Monday, January 17, 2011

This is my story

Well, if I am going to blog about my journey to priesthood I guess I should tell my story right? It wasn’t long after people started finding out about my decision to enter seminary when I was being asked “Why do you want to be a Priest?” That’s a hard question for me to answer. It’s not that I want to be a Priest, but it’s that I love God so much that I want to do his will, and if Gods will for me is to become a Priest then that is what I will do.

I have always been heavily involved in my parish. Ever since I was a child I wanted to be an altar server. I thought the robes looked cool and I liked that I would be able to move around during mass (I have a hard time sitting still for long periods of time). So, when I was in fourth grade we were allowed to sign up to be altar servers. I was so excited when we went for training after school! The priest that trained us was Fr. Ed, our associate pastor at the time, and he was teaching us all the different names for things, and how to vest ourselves, and how to serve the mass. This was the best day of my life and it was the first time I ever thought about being a priest when I got older. However, at that time I was afraid of being alone so I automatically threw that idea out the window.

I never thought of priesthood again until I was in seventh grade. I was entertaining the idea for a while thinking about what I would do on a regular basis, if I wanted a family or not, if I could handle being alone (I was not afraid of being alone anymore but rather afraid of not having anyone to talk to), and I wasn’t sure if I wanted to leave my dream of becoming an actor! Even though the idea was in my head I never talked to anyone about it. Once I got to high school I became extremely involved in theatre and my dream of becoming an actor grew into becoming a director! Besides my big dreams I was also thinking about becoming an architect (that changed once I found out how bad at math I really am), a teacher, and a few other professions.

While in high school I still had priesthood in the back of my mind, and I left it there. I had an ongoing on-again off-again relationship with a girl I really liked, I was working with different theatre groups and really getting involved in the arts, and I wanted to have kids one day. I even thought about becoming a youth minister as a way to justify myself for not looking into priesthood. During this time I was more involved in my parish and faith than I had ever been. I was always working in my schools campus ministry, helping with retreats, I was a lector and extraordinary Eucharistic minister at my school and parish, and very active in my parishes youth ministry. Just because I didn’t want to be a priest didn’t mean I wanted nothing to do with the church.

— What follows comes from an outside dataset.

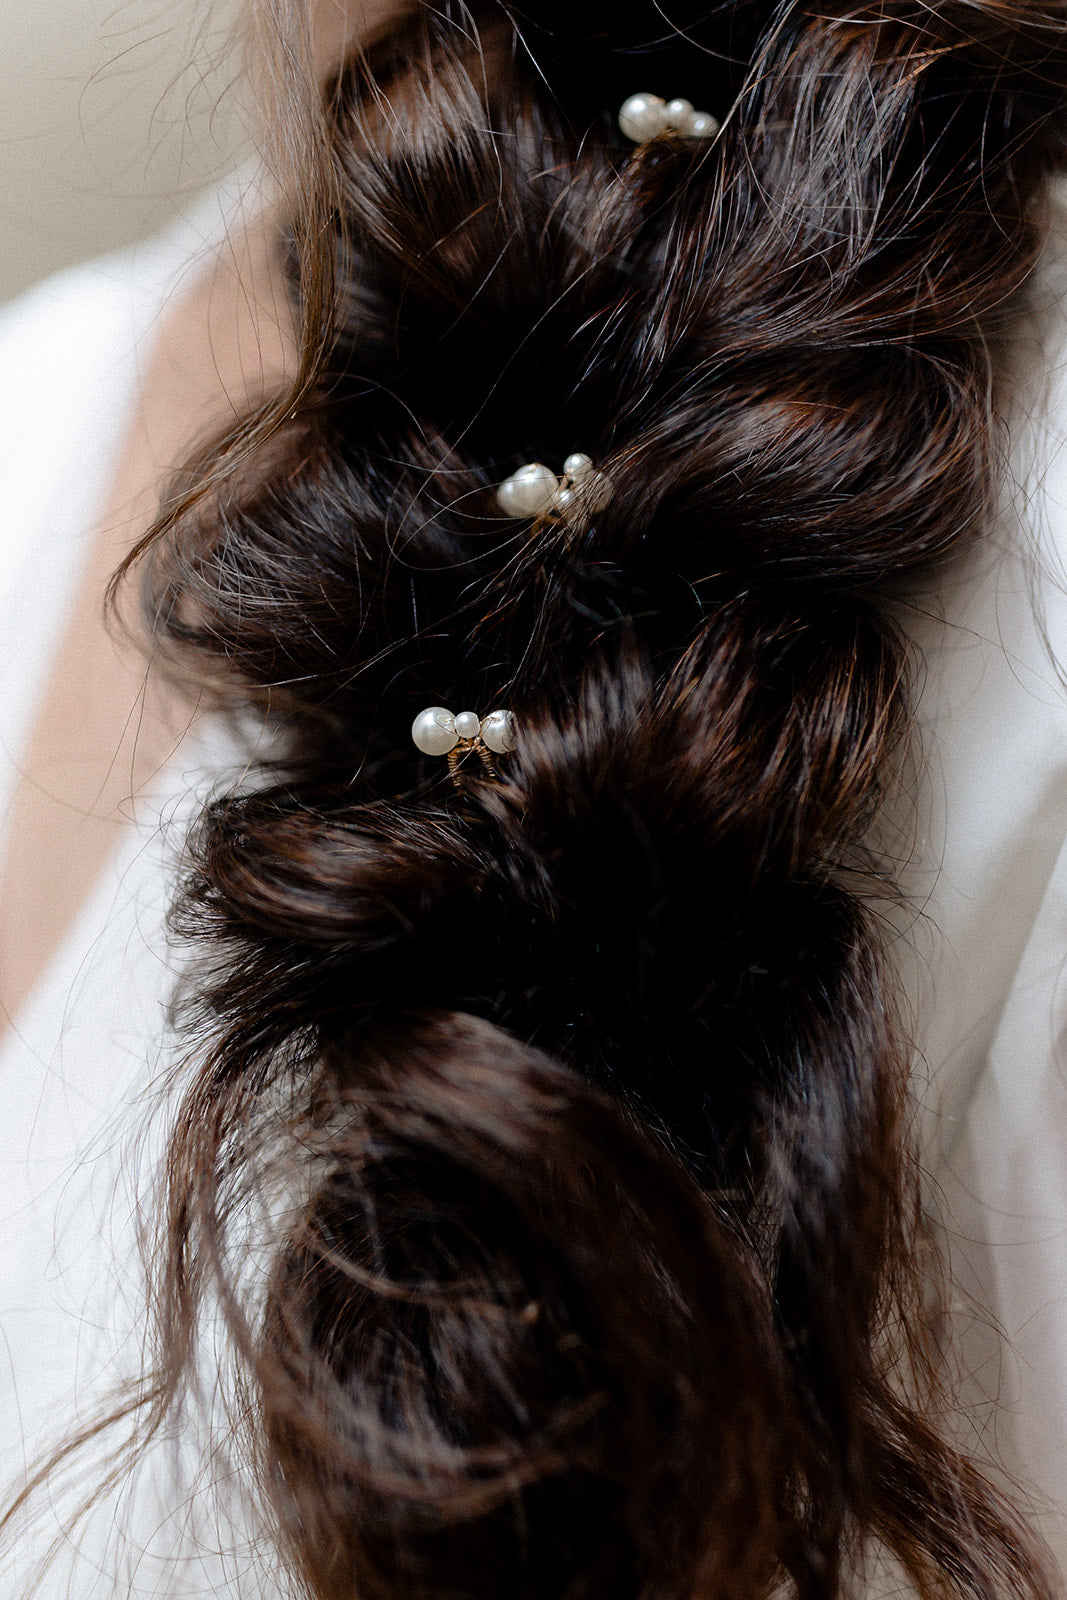 𝓙𝓪𝔂'𝓼 𝓟𝓲𝓷𝓼 ⛈  Headband hairstyles, Aesthetic hair

I was surprised to realize I was a senior in high school and had to start making decisions. I decided I wanted to stay in theatre. I wasn’t sure what I wanted to do yet but I know I wanted it to be theatre related. So after I graduated high school I attended my local community college as a Speech/Theatre Major. Once I started college and knew I had to make a final decision within two years I started praying to God on my vocation. Now when I say vocation I do not mean religious vocation. I was praying to God asking him what job he wanted me to do. I know God gave me my gifts for a reason but I didn’t know how he expected me to use them. Did God want me to be a teacher? Director/ Producer? Actor? I had no idea.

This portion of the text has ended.